Drug classification and concentration estimation from Raman spectra
Camille Marini (LTCI/CNRS), Alex Gramfort (LTCI/Télécom ParisTech), Sana Tfaili (Lip(Sys)²/UPSud), Laetitia Le (Lip(Sys)²/UPSud), Mehdi Cherti (LAL/CNRS), Balázs Kégl (LAL/CNRS)


Chemotherapy is one of the most used treatment against cancer. It uses chemical substances (chemotherapeutic agents) which kill cells that divide too quickly. These chemical substances are often diluted in a particular solution and packaged in bags, diffusers, or syringes, before being administered. Wrong medication (wrong chemotherapeutic agent or wrong concentration) can have major impacts for patients. To prevent wrong medication, some recent French regulations impose the verification of anti-cancer drugs before their administration. The goal is to check that they contain the good chemotherapeutic agent with the good dosage.

Raman spectroscopy could be used to make this check, since, theoretically, i) each molecule has a specific spectral fingerprint by which the molecule can be identified; and ii) the Raman intensity increases with the concentration of the molecule. The main advantage of spectroscopy above other methods (for example, liquid chromatography) is that it is non-destructive and non-invasive (measures are made without opening the drug containers). However, this method is rarely used in hospital environment because of the complexity of the spectral signals to analyze. Automating the analysis of these spectral signals could significantly help. Eventually, a complete analytical system (from measuring Raman spectra to identifying the chemotherapeutic agent and its concentration) could be designed, which would be easy to use and would prevent wrong medication.

In this context, the goal of this project is to develop prediction models able to identify and quantify chemotherapeutic agents from their Raman spectra.

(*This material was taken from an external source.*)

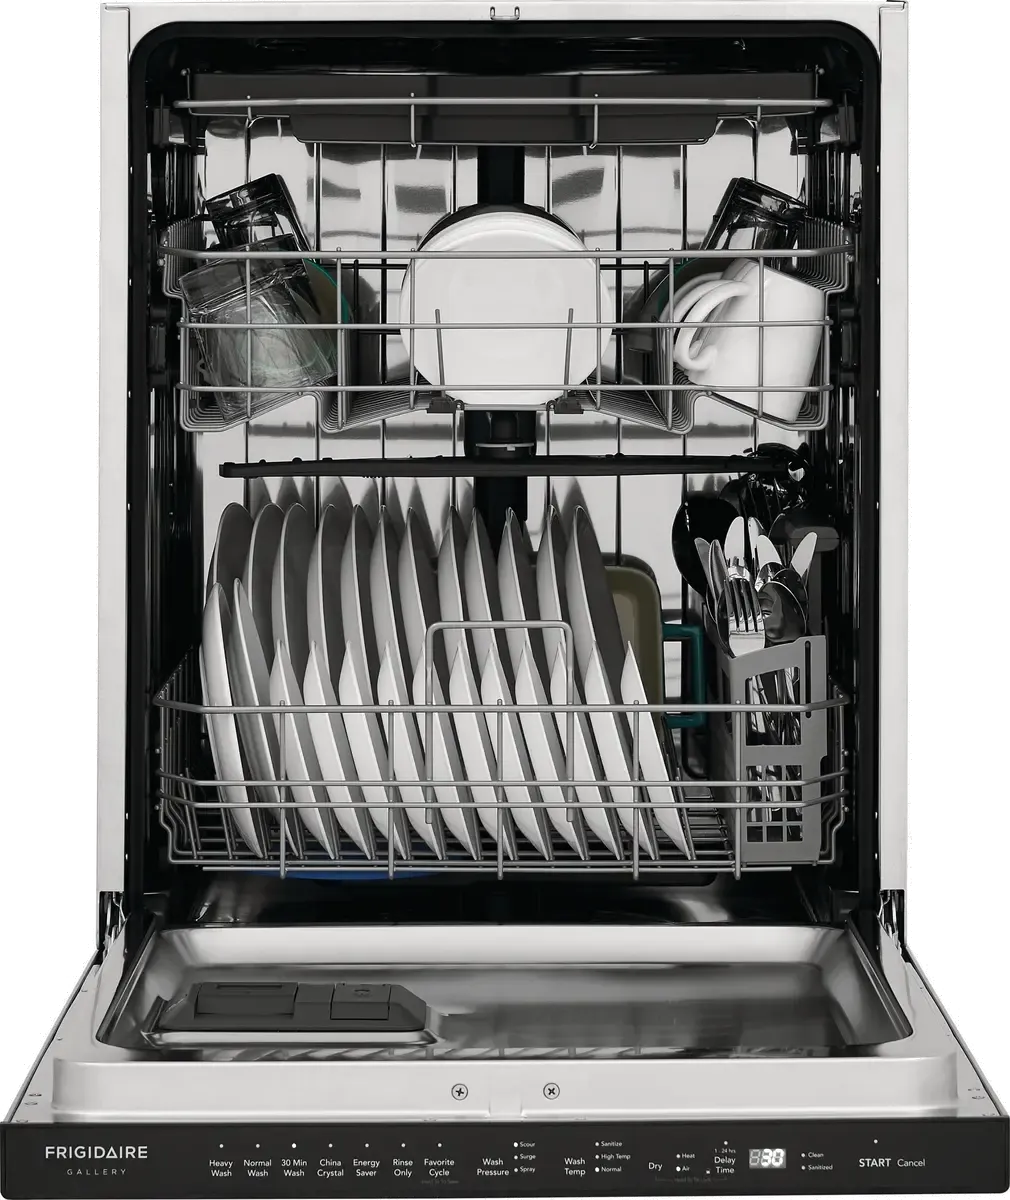 Frigidaire Top Control Dishwasher FGIP2479SF

The Lip(Sys)² laboratory measured Raman spectra of 4 types of chemotherapeutic agents (called molecule) in 3 different packages (called vial), diluted in 9 different solutions (called solute gammes), and having different concentrations. A total of 360 spectra were measured for each agent, except for one (348 spectra).
Part of these data are saved in the file train.csv as follows (n_samples being the number of samples):

  • molecule: Type of chemotherapeutic agent. Four possible values: A for infliximab, B for bévacizumab, Q for ramucirumab, R for rituximab. Dimension: (n_samples,)
  • vial: Vial type. Three possible values: 1, 2, 3. Dimension: (1, n_samples)
  • solute: Solute group. Fourteen possible values: 1, 2, ..., 14. Dimension: (1, n_samples)
  • concentration: Concentration of the molecule. Dimension: (n_samples, 1)
  • spectra: Intensity of Raman spectrum. Dimension: (n_samples, 1866)

To sum up, there are too objectives:

  • classification: predict which molecule it corresponds to given the spectrum.
  • regression: predict the concentration of a molecule. The prediction should not depend on the vial or the solute group. The error metric is the mean absolute relative error (mare): $$\frac{1}{n_{samples}}\sum_{i=1}^{n_{samples}}\left|\frac{y_i-\hat{y}_i}{y_i}\right|$$ with $y$ and $\hat{y}$ being the true and predicted concentration.